Kiin , which means “eat” in Thai, includes more than 100 northern specialties such as laab kua (northern laab salad) as well as classic dishes eaten throughout the country, like khai jeaw grob (crispy Thai omelette). Regular also shares memories throughout, recounting the pivotal moments in her life that shaped her approach to cooking.

“The Kiin cookbook is a time capsule of my experiences,” she says. “It’s not just the recipes or tradition, but it’s preservation of the culture that I grew up in, in northern Thailand.”

Northern Thai cooking is characterized by the wide array of fresh vegetables grown in the region, explains Regular, and a lighter use of coconut milk. Unlike in central Thailand, where coconut trees thrive, the northern climate isn’t as conducive to their growth, so cooks use it more sparingly. While dried spices are common in the south, herbs are more prevalent in the north, she says: “It really stands out that it has more fresh vegetables and herbs than meat and dried spices like in southern Thailand.”
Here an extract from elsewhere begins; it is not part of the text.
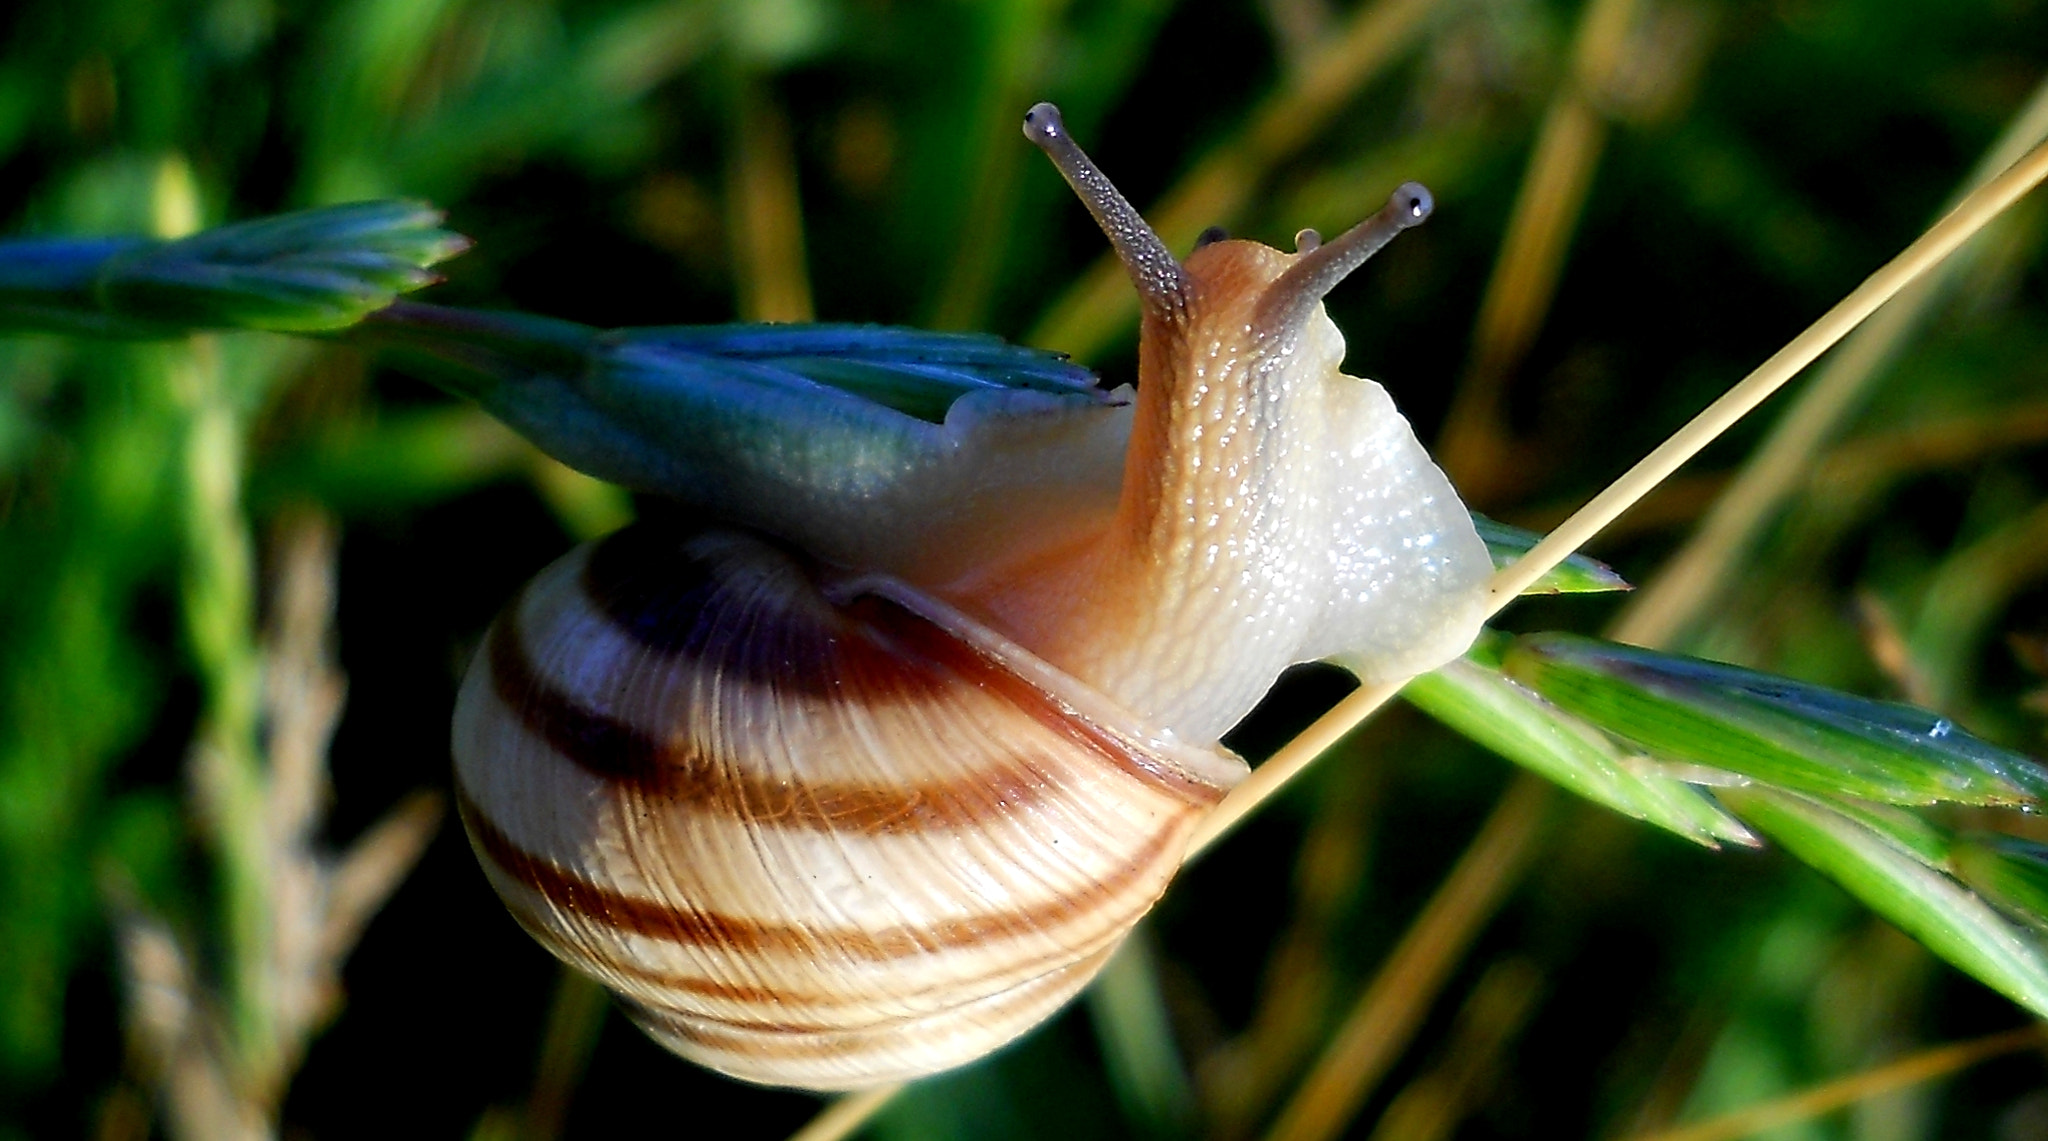 Nikon Coolpix L21 sample photo. Curious snail photography
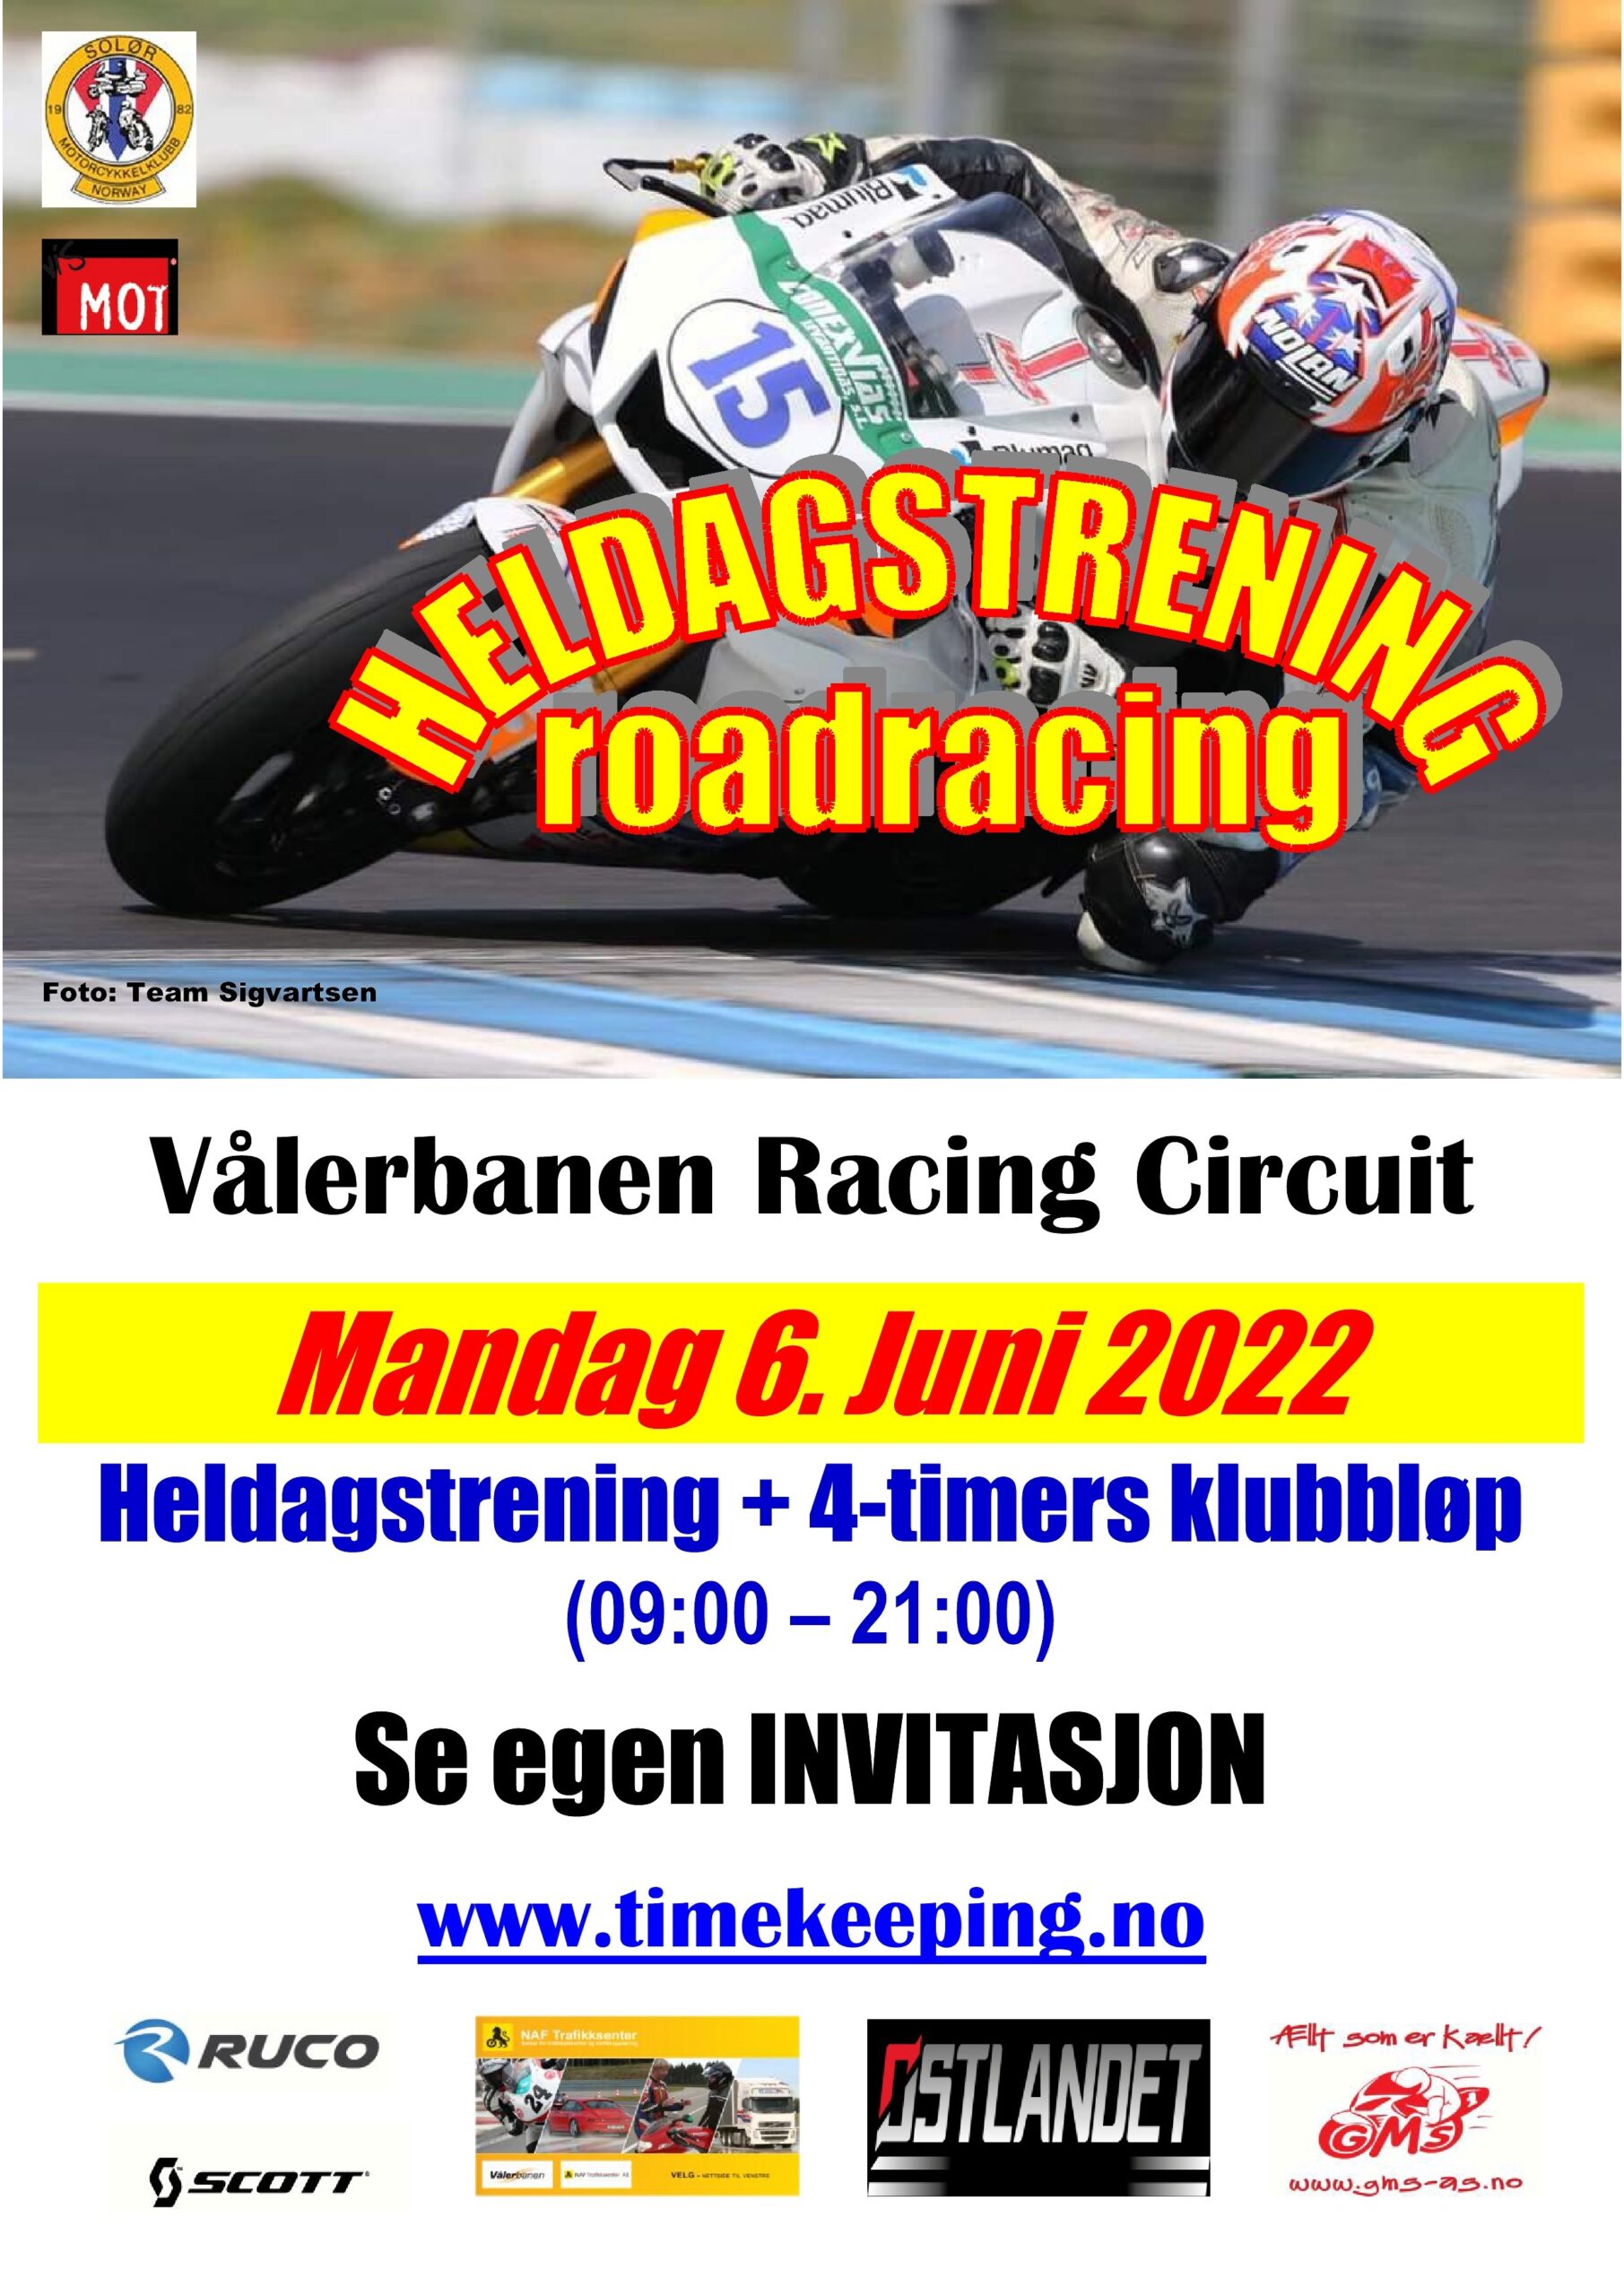 0 - Poster Heldagstrening roadracing - Vålerbanen - 6. Juni 2022

One of her favourite northern recipes, nham prik ong (tomato relish with vegetables), highlights its uniqueness. “It’s amazing how northern umami comes from tomato, shrimp paste and fermented fish,” says Regular. “That’s all, but it’s so rich. It’s so complex.”

As we enter Canada’s coldest months, Kiin is a vicarious glimpse of Thailand’s warmth and vibrancy. Two years ago, she travelled back to her homeland with Toronto photography team Michael Graydon and Nikole Herriott to document the dishes, people and landscape.

“It still warms my heart when I look at the pictures — it just feels like I’m in Thailand,” says Regular. “I want my readers to see that it’s not just the wording of the story. It’s not just recipes that they’re going to have, but the beauty of the scenery — the beauty of the food in front of them under the sunlight in Thailand.”